Senior Design Team sddec21-06 • DigiClips Media Search Engine


DigiClips is a media content analysis company that records and extracts data from diverse types of media, such as television and radio, and stores this information in a searchable format. It aims to provide its clients a user interface that would facilitate searching of the database for keywords or phrases of user’s interest uttered in audio or video clips. For example, a client may be interested in finding if their company name has been mentioned (along with its frequency) on television or radio within a given time frame.


Problem Statement

The data currently being extracted from the television recordings is from the television network-provided closed captions only. This closed captions data often misses words or phrases spoken within the broadcast, causing a disconnect between the actual content of the broadcast and the searchable content provided. In addition to missed audio, closed caption data does not provide any means of searching the content of broadcasted frames themselves, where there is often visible text that denotes the current segment of news, breaking stories, etc. This information is, at the moment, lost within hours of recordings and extremely difficult to perform searches on.


Solution Approach

This project will investigate existing solutions and develop efficient speech-to-text and video-to-text modules that will take television and radio recordings as its inputs and record the timestamp-location of keywords and phrases of interest in these recordings. The outputs of these modules will be organized in a database schema. The speech-to-text and video-to-text extraction capability will give the company an edge in the industry by granting them access to data that is currently not being tracked, providing more opportunities for clients to find any and all mentions of their keywords. The focus will be to develop near-real-time solutions that can scale with the number of audio and video recording streams. These modules will be integrated with other components in the system that include signal processing applications, databases, query and retrieval frameworks, and user-interfaces.


Current Implementation

Our current implementation of the proposed solution consists of a microservice structure detailed in the figure below.

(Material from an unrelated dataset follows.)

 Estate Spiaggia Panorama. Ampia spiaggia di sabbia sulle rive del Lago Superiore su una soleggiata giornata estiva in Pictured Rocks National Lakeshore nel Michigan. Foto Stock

As can be seen in the above figure, our application plan consists of a three-microservice structure that includes a driver microservice, speech-to-text (stt) microservice, and a video-to-text (vtt) microservice. The driver microservice accepts a POST request with a file path embedded in the body, which the driver microservice uses to locate the recorded video or audio file to perform analysis on. From here, the driver microservice calls both the stt and vtt microservices, which process the video or audio sequence for speech-to-text and video-to-text, respectively.

In the stt microservice, the audio is stripped from the recorded video file and segmented via an algorithm that determines sections of audio where there is noise occuring. Each of these segments of audio is then run through Mozilla's DeepSpeech, a speech-to-text library with state of the art accuracy and speed. Once the output from DeepSpeech is received, the resulting string is passed through grammar and punctuation checking, and the string is indexed via the timestamp of the recording where the string occurs. This ensures that the data is readable and searchable for future querying possibilities.

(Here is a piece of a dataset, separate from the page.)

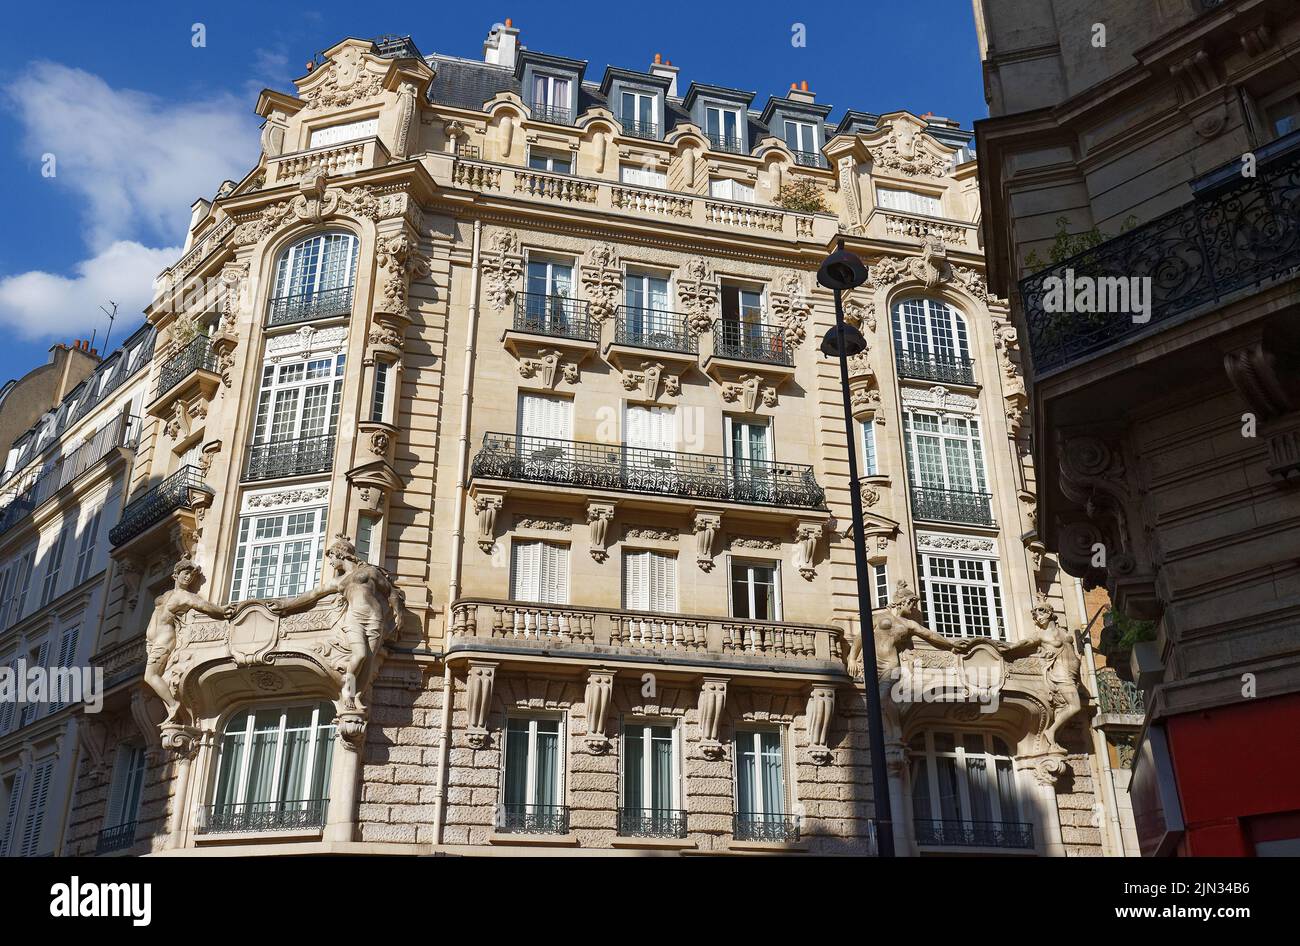 Las fachadas de las casas tradicionales francesas con balcones y ventanas típicos. París. Foto de stock

In the vtt microservice, the video file is processed frame by frame. Each frame is passed through a series of pre-processing steps in order to crop, grayscale, and make text more identifiable in comparison to the background. After this pre-processing is performed, the frame is passed to Google's TesseractOCR, an optical character recognition library that identifies and processes text within images and returns a plaintext string or strings detailing the contents of the text. Similar to the stt microservice, this resulting text is then processed for grammar and punctuation, then indexed according to the timestamp of that specific frame within the recording.

Once both the stt and vtt microservice have reported output, the driver microservice then proceeds to format the outputted data into the correct database schema and store it appropriately across a number of MySQL databases for future querying.